Obviously something is shorted to ground, so I would proceed as follows:

1) Open the service manual to the schematic page for your particular model and locate all the devices/plugs on that circuit.
2) verify the short with the meter at the fuse terminal where the fuse is usually located (the circuit side, not the battery side)
3) Disconnect all the connectors on that circuit and verify the short went away at the fuse. If it is still shorted, then the main harness has a short somewhere in it.
4) Reconnect connectors one at a time the check the fuse terminal again for the short to re-appear. Eventually one of the plugs will reintroduce the short and you know where it is coming from.
5) Once you know where the short is, disconnect that plug and test that plug's terminals (on the component side, not the main harness side) with respect to ground to see which wire is shorted, then trace that wire to it's termination point.

Don't waste money on fuses until you have it sorted. use that money to buy a meter so you can check the right way.
 
#19 ·
It's a handy and highly visible sign of when the short is active so is useful for an intermittent problem. The bulb will limit the current in the wires during a dead short with no other load (worst possible case) to around 5 amps. That's much less than the fuse would allow. If there is a fear of shorting the two test wires together, install an inline fuse on the wire to the hot when open side of the fuse connector.
 
#20 ·
Well I checked all the wires from the harness outward. Couldn't find anything. A couple of places the tape seemed a bit loose/frayed so I replaced it. I reseated the signal relay, cleaned up the way some wires were mounted, cleaned off a couple of connections and now wait and see.

Using a micrometer I didn't uncover the source of the problem - so weird. To see if the fuse would keep blowing again (always went right after re-starting the bike), I ran the bike, shut it off (rinse and repeat several times), and so far (knock on wood), it hasn't blown again.

Don't know if I solved the issue or if the V-Strom Gods are just waiting until I need to go somewhere before raining down in fury on my head.

Thank you for all the help.

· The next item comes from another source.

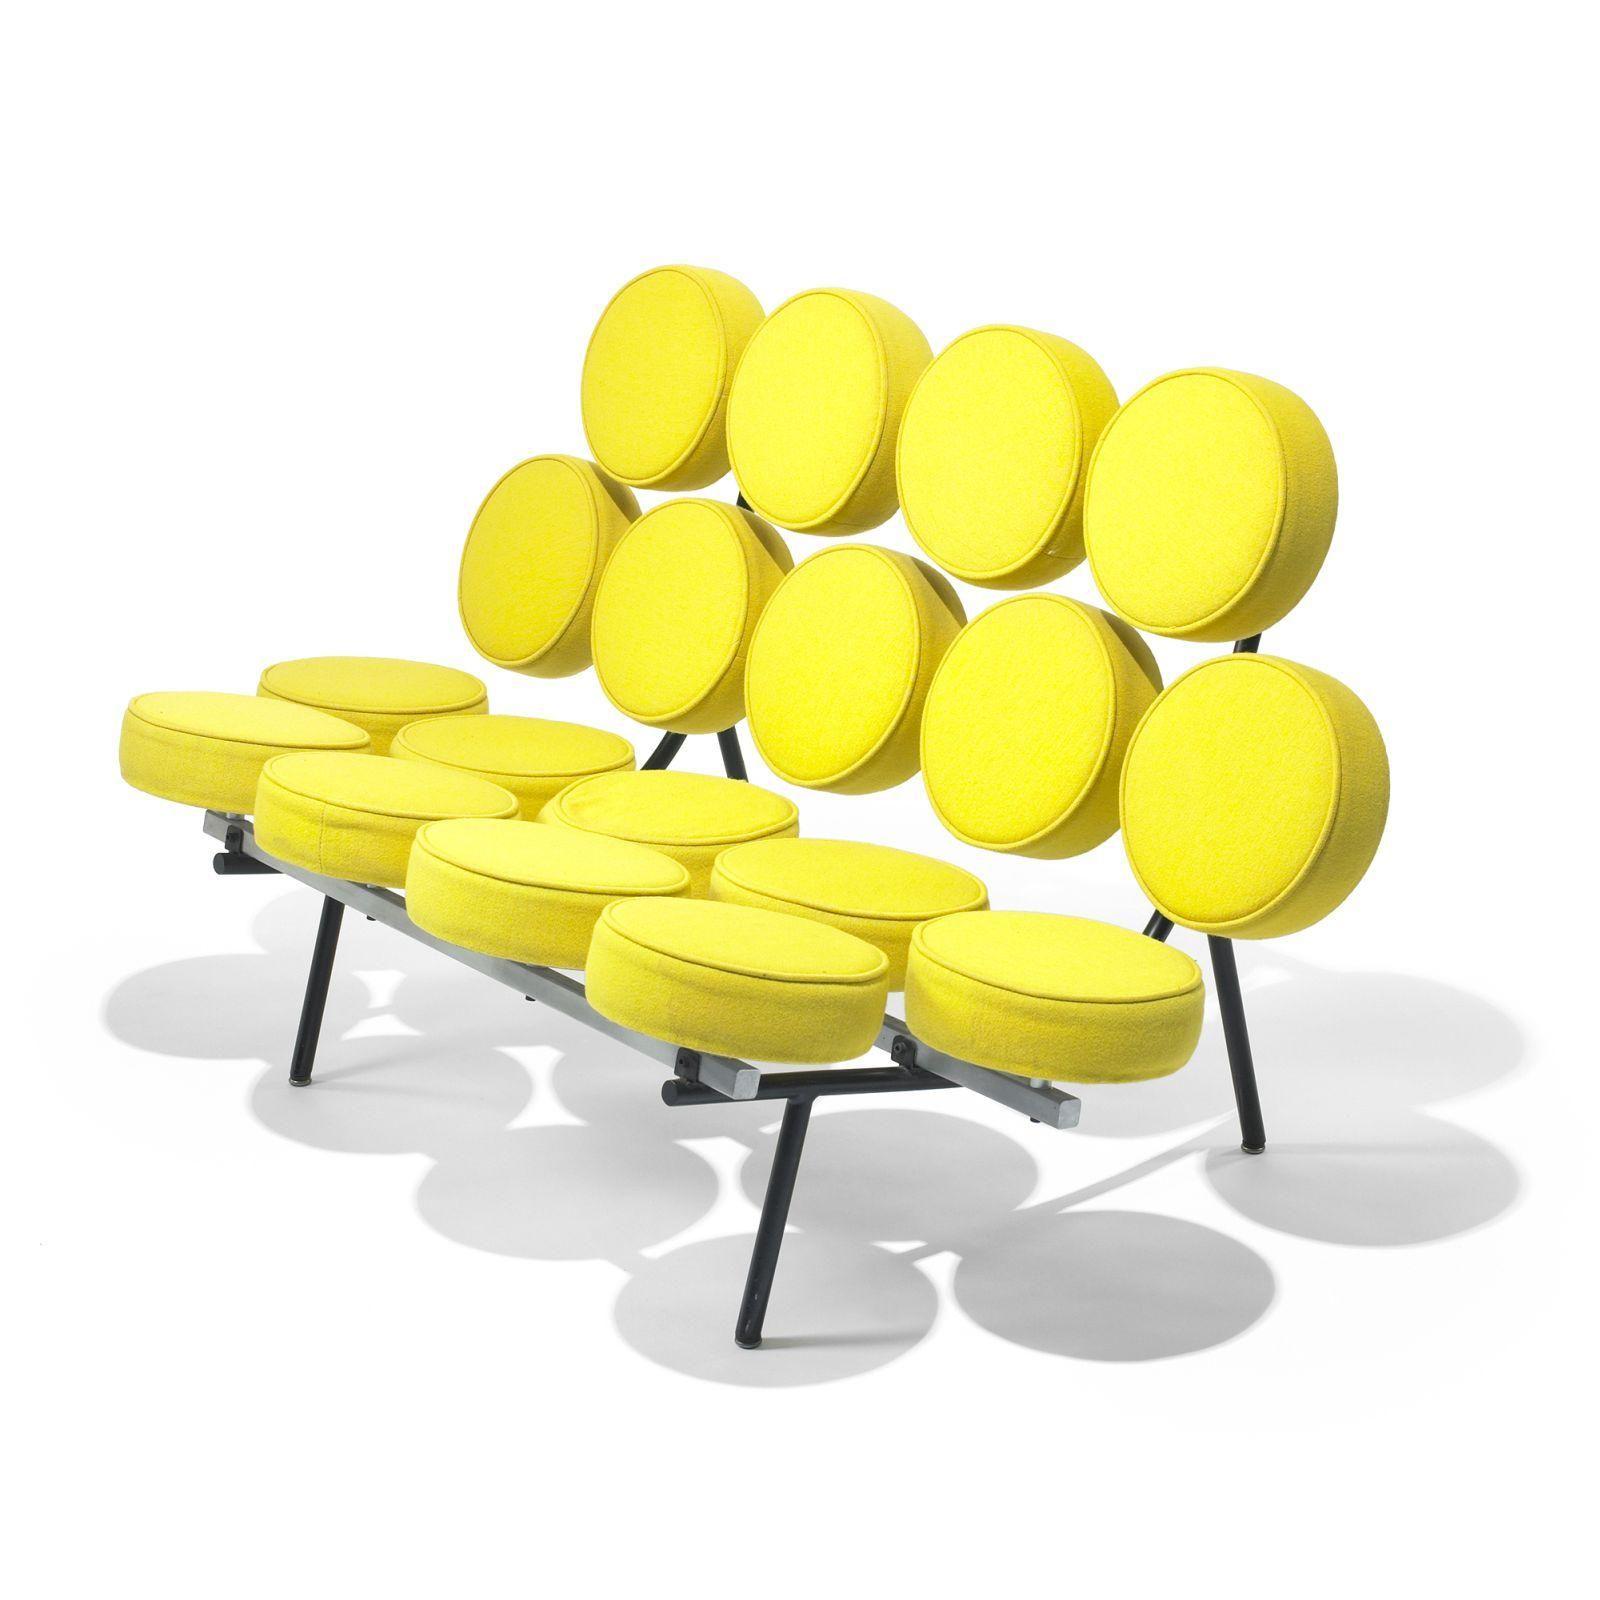 "George Nelson & Associates Marshmallow sofa model 5670 ""LOVE it in"

Time will tell if the issue is resolved.
 
#21 ·
Longshot: Once in the past I had managed to bend a pin in the main connector that goes to the instrument cluster. I forget the issue is caused but it might not hurt to take a look at the male pins in the connector.

..Tom
 
#23 ·
Well they found the problem. It had nothing to do with the various lights that kept going out, it was the ignition.

Apparently there was a short in the ignition and whenever the bike started vibrating, the wire would move and take out the lights etc.

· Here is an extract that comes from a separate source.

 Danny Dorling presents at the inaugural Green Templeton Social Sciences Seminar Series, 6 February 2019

If I hadn't of taken it in to them, I would probably be searching for years to come.

Thank you for your help.
 
#24 ·
What part of the ignition?...the switch?
 
#25 ·
No it was the return ground wire from the ignition. Somewhere under the gas tank it was pinched. That is bizarre as I hadn't lifted the tank in weeks before it first started blowing.

The vibration of riding pushed it up against something and it shorted out.

It is now fixed and that is what matters. Total bill was $100 - not too bad I suppose.
 
#26 ·
You can't short out a ground wire against the frame. It had to be a hot wire.